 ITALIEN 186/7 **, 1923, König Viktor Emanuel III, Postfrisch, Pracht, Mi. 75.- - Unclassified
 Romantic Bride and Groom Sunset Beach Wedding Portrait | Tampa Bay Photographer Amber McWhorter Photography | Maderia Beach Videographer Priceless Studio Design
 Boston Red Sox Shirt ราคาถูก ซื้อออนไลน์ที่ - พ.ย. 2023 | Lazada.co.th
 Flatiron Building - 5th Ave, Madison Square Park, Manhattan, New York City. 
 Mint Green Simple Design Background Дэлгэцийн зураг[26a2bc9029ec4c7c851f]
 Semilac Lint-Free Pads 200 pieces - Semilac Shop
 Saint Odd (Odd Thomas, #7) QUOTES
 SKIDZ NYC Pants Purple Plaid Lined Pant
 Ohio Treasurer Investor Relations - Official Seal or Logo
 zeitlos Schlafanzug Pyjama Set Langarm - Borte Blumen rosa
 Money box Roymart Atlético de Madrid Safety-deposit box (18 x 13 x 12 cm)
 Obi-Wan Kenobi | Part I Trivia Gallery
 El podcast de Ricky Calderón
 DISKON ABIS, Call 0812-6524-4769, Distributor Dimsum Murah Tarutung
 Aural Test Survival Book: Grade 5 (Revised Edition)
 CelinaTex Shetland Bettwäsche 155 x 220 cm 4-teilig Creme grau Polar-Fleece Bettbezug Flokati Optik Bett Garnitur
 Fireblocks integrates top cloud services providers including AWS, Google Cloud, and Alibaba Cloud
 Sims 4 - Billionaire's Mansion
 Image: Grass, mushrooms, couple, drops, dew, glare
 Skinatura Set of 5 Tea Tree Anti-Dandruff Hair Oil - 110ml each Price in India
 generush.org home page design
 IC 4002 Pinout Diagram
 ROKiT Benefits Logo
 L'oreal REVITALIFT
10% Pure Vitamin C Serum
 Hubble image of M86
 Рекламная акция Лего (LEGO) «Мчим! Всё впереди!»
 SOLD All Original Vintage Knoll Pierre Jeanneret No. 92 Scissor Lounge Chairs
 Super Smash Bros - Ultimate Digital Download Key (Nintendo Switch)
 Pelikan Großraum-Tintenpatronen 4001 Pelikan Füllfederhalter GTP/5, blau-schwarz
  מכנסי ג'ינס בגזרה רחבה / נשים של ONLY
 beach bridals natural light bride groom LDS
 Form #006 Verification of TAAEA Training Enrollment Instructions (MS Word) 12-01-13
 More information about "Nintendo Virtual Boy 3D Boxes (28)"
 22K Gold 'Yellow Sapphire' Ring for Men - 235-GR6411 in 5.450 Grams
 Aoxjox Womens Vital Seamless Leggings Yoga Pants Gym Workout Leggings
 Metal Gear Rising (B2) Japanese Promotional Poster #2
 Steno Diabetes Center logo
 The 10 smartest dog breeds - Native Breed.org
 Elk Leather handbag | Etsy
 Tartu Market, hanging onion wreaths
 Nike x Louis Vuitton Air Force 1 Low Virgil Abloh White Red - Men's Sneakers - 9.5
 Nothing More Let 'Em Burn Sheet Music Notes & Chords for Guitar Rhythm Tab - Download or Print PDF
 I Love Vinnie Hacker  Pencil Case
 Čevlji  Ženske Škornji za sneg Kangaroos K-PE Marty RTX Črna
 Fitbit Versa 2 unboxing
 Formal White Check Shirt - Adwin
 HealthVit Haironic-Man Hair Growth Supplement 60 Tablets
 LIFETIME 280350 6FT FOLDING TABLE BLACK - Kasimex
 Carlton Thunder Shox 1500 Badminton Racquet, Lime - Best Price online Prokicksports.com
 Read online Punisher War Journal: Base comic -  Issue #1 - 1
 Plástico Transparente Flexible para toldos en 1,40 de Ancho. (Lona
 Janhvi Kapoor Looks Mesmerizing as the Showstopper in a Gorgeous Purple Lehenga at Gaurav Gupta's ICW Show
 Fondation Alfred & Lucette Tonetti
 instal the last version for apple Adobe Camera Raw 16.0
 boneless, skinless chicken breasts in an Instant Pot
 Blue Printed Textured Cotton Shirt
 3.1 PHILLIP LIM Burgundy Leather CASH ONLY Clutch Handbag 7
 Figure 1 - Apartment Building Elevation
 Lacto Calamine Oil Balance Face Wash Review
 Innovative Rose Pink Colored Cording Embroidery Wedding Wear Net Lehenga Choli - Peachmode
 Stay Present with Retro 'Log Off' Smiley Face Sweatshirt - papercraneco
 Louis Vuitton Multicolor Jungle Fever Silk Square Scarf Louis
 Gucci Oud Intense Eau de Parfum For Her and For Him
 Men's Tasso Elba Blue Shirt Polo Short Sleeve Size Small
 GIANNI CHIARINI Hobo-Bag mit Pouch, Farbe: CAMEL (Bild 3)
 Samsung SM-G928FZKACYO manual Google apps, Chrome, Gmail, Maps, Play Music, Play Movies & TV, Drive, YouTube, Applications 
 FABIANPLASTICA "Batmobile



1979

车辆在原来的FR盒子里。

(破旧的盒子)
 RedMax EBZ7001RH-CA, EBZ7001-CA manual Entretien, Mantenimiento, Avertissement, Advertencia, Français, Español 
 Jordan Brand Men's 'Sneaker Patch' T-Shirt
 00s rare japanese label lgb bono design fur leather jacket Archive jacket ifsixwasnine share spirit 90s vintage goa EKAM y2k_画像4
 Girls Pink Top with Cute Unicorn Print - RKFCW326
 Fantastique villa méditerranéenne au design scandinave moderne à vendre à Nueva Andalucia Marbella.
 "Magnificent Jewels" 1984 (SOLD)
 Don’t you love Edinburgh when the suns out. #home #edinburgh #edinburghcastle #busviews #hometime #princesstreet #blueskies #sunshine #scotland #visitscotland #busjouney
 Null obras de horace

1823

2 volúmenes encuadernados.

> **What is expected**: What is needed is one number, the count of lines in the listing above that contain the word "Building".

> **Task solution**: 2